Но наиболее ярким примером сиро-финикийского влияния стало целое «ориентализирующее» течение в искусстве, начало которому положил Коринф. В протокоринфской и коринфской вазописи ясно прослеживаются прямые заимствования (опять-таки с привнесением чисто греческих элементов) различных изобразительных мотивов — зверей, чудовищ, растений, — которые занимали весьма заметное место в северносирийских и финикийских рельефах, статуэтках и тканевых рисунках. На раннегреческом искусстве сказались и многие другие влияния этих стран22
. Кроме того, коринфские и иные кораблестроители были многим обязаны опытным финикийским мастерам.Установить, из какой именно области или города в этих обширных левантийских пределах стало распространяться то или иное влияние, — невозможно, ибо искусство самого этого региона являло собой хитрый сплав арамейских, не-охеттских, месопотамских, ассирийских, урартских и египетских (а позднее и персидских) элементов, причем различия между отдельными сирийскими и финикийскими областями (а надо полагать, что они имелись) чаще всего от нас ускользают — тем более что со всех краев Леванта народы продолжали перебираться на запад, спасаясь от гнета могучих держав, а потому разнородные вкрапления их культур ложились последовательными, но неуловимыми мазками на без того уже пеструю картину ориентализирующего воздействия на Грецию.
Поэтому лишь предположительно мы можем сказать, например, что резьба по слоновой кости, занимавшая видное место в художественных ремеслах (особенно на Самосе, Родосе и Крите, а также у афинян) пришла к грекам из сирийского города Хамата, который славился своими статуэтками Ашторет-Астарты из лучшего материала — бивней сирийских слонов (кстати сказать, еще микенцы разживались слоновой костью из Угарита [Рас-Шамра] на этом же побережье). Что касается золота, которое тоже вывозилось от здешних берегов и достигало отдаленнейших пределов — чтобы украсить, например, пышные этрусские гробницы (Глава VII, раздел 1, и Приложение 3), — то оно прибывало в Северную Сирию и Финикию из различных ближневосточных и средне-восточных копей, откуда его стремились заполучить богатейшие государства той эпохи.
Возможно, финикийцы — с их независимым устройством городов-государств — вызывали у греков, державшихся сходного государственного строя, куда более дружественные чувства, нежели можно предположить, исходя из частых упоминаний о финикийском «пиратстве», вызванных ревностью соперников по торговле. Так, появлением финикийских ремесленников на Крите (Глава VI, раздел 1), возможно, объясняется и появление в городах этого острова самых ранних из известных греческих правовых сводов: ведь семитоязычные народы давно уже были знакомы с подобной кодификацией права.
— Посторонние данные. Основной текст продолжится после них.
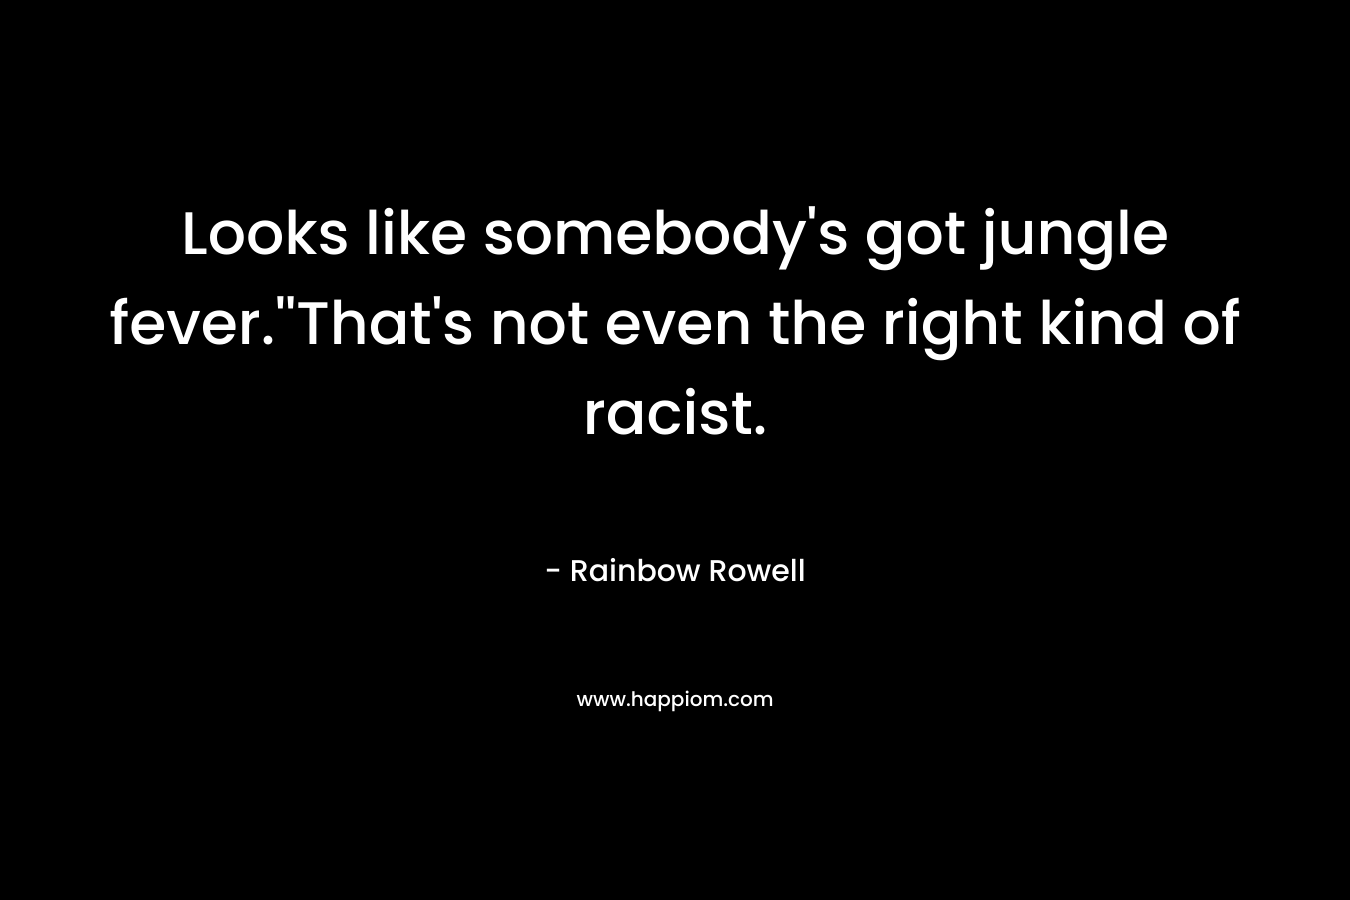 Looks like somebody’s got jungle fever.”That’s not even the right kind of racist. – Rainbow Rowell

Свести же воедино эти законы стало возможно благодаря письменности — и наиболее всего и греки (а тем самым и весь западный мир) были обязаны левантийскому побережью именно алфавитом, который они переняли ок. 750 г. до н. э. — спустя полтысячелетия после того, как их собственное (микенское) линейное письмо Б (Глава I, примечание 2) навсегда вышло из употребления. Финикийцы чрезвычайно ловко преобразовали и упростили существовавшие прежде системы слогового письма (например, в аккадском насчитывалось 285 знаков, в линейном письме Б — 88, в кипрском — 56), сведя количество алфавитных обозначений всего до 22 букв (надписи на этом алфавите были высечены, например, на саркофаге царя Ахирама в финикийском городе Библе). Поэтому, как утверждает Иосиф Флавий23
, они стали гораздо чаще пользоваться письменностью, чем это делали другие народы до них, — хотя остается неясным, в какой мере письмо оставалось преимущественно уделом сословия писцов.Греки ограничились двадцатью двумя знаками, но в то же время попытались ввести несколько собственных новых букв и, самое главное, изменили четыре (с добавлением еще одной), чтобы можно было самостоятельно обозначать гласные звуки, для которых в финикийском алфавите, приспособленном для афразийского (семитского) языка, отдельных обозначений не предусматривалось. Опять-таки нам неизвестен точный характер и канал этого заимствования. Согласно одной точке зрения, первоначально греки переняли не финикийскую, а северно-сирийскую (раннеханаанскую) письменность, а финикийское влияние появилось лишь несколько позже, — хотя сами греки называли свой новообретенный алфавит словом «ротта, и его финикийские корни несомненны.